PFIQ - Piercing Fans International Quarterly
- Cover of the last Issue
- Editor-in-chief: Jim Ward
- Categories: Lifestyle magazine
- First issue: 1977; 49 years ago
- Final issue: 1997; 29 years ago
- Company: Gauntlet Enterprises
- Country: United States
- Based in: Los Angeles, U.S.
- Language: English

= PFIQ =

Defunct body modification magazine

PFIQ (Piercing Fans International Quarterly) was a magazine published by Jim Ward from 1977 to 1997. It was the first publication about body piercing. Ward pioneered the field of body piercing and operated The Gauntlet, which was the first commercial establishment to offer the service in the United States.

==History and profile==
The first issue of the magazine appeared in October 1977. The first 14 issues of PFIQ were in black and white with single-color highlights in a few issues. From issue #15 on, the covers and centerfolds were in full color. The first issue was 16 pages long; by issue #31, PFIQ had grown to 32 pages. Page count continued to gradually increase. Issue #50, the final issue, contained 64 pages. All issues were 8½×11" in size.

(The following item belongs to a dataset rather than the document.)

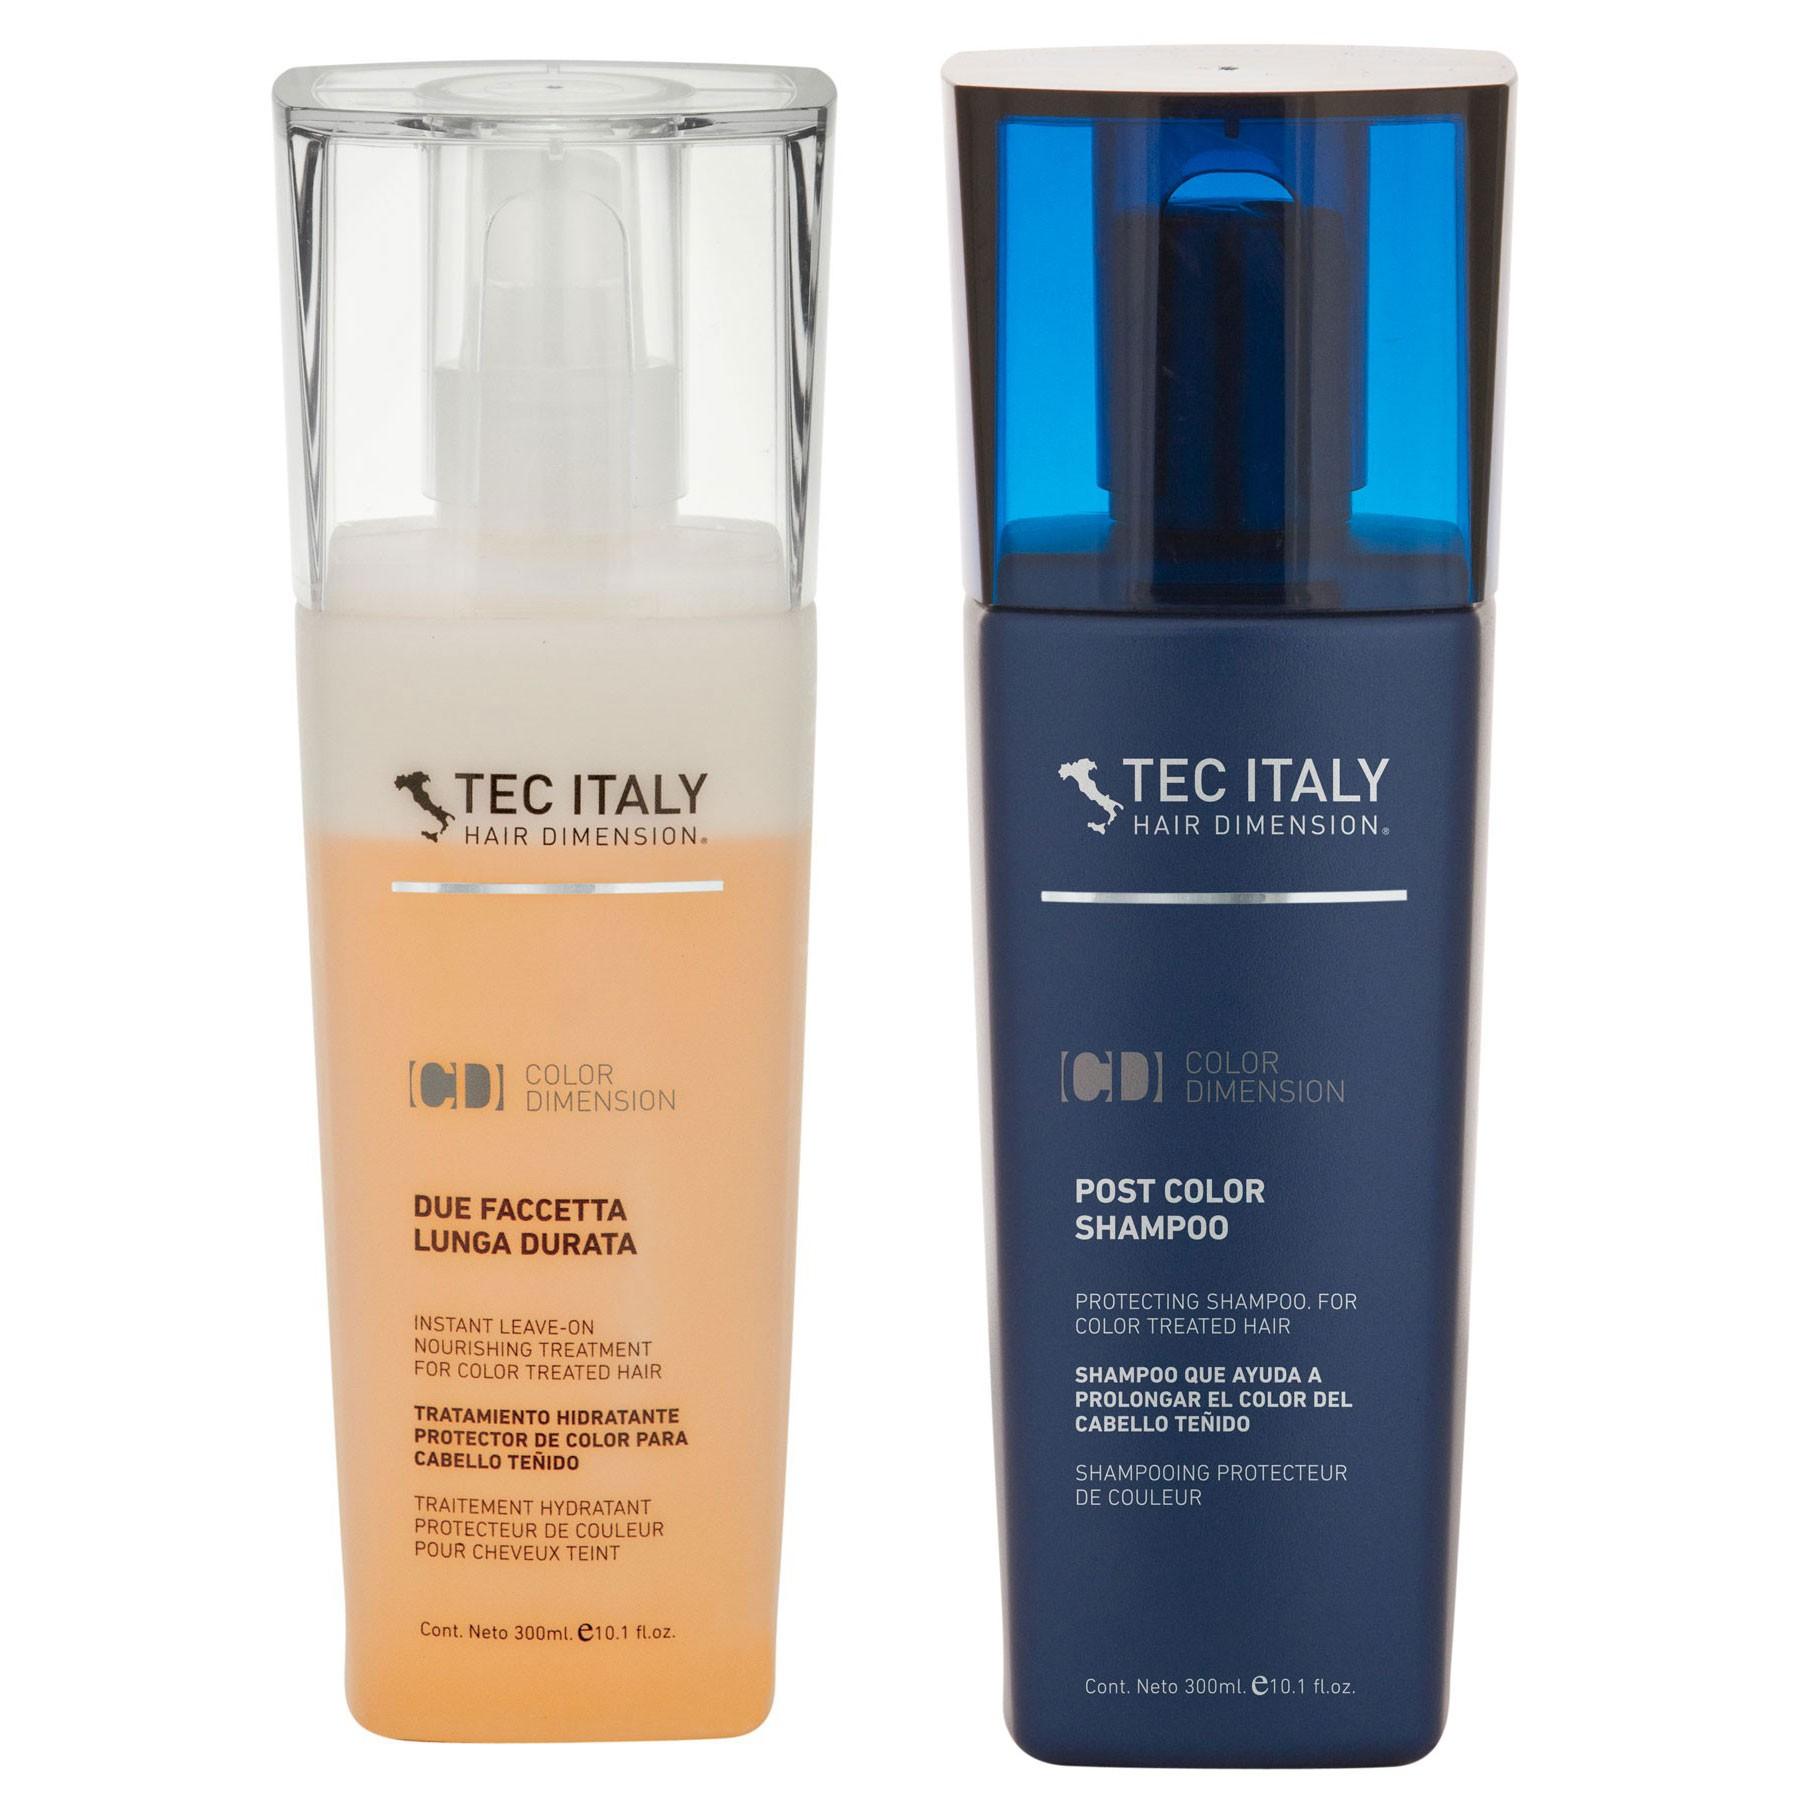 Kit Post Color Shampoo - Tratamiento Due Faccetta Tec Italy

Only the first five issues were dated on the cover, though most of them included a copyright year. However, every issue was independently numbered. In spite of calling itself a quarterly, the publication was chronically late and the average number of issues per year, over the lifetime of PFIQ, was about 3.

Issues #1 and #3 were reprinted in the 1980s. The reprints are not hard to distinguish from the originals. The original issue #1 was black and white with two spot colors; the reprint has only the purple on the cover. Issue #3 was a complete redesign and bears the words "Revised Edition" on the cover.

Tattoo Samy appeared in PFIQ #18 (1983) and #19 as the magazine's first documented tongue piercing.

PFIQ contained a wide variety of material, mostly about body piercing, but occasionally about other forms of body art and body modification. A long series of articles by Jim Ward, "Pierce with a Pro," gave detailed information on how to perform many different piercings. Gauntlet also produced three "how-to" videos under the same title. Part 1 on male piercings appeared in 1988; part 2 covering female and unisex piercings was issued in 1994; part 3, an update of the first video came out in 1996.

The magazine contents also included interviews, accounts of piercings, letters from readers, book and video reviews, photographs, artwork, and fiction. PFIQ also contained advertising from a few businesses in closely related fields. Subscribers also received Pin Pals, a sheet of classified ads created to enable people with body piercings to meet each other.

== Reception ==
PFIQ was a controversial publication, due to its graphic portrayal of nudity and the piercing process. In some countries it was considered obscene, and confiscated by postal customs officials. It ceased publication in 1997 when Jim Ward sold Gauntlet. (Gauntlet failed under its new owner and closed in 1998.)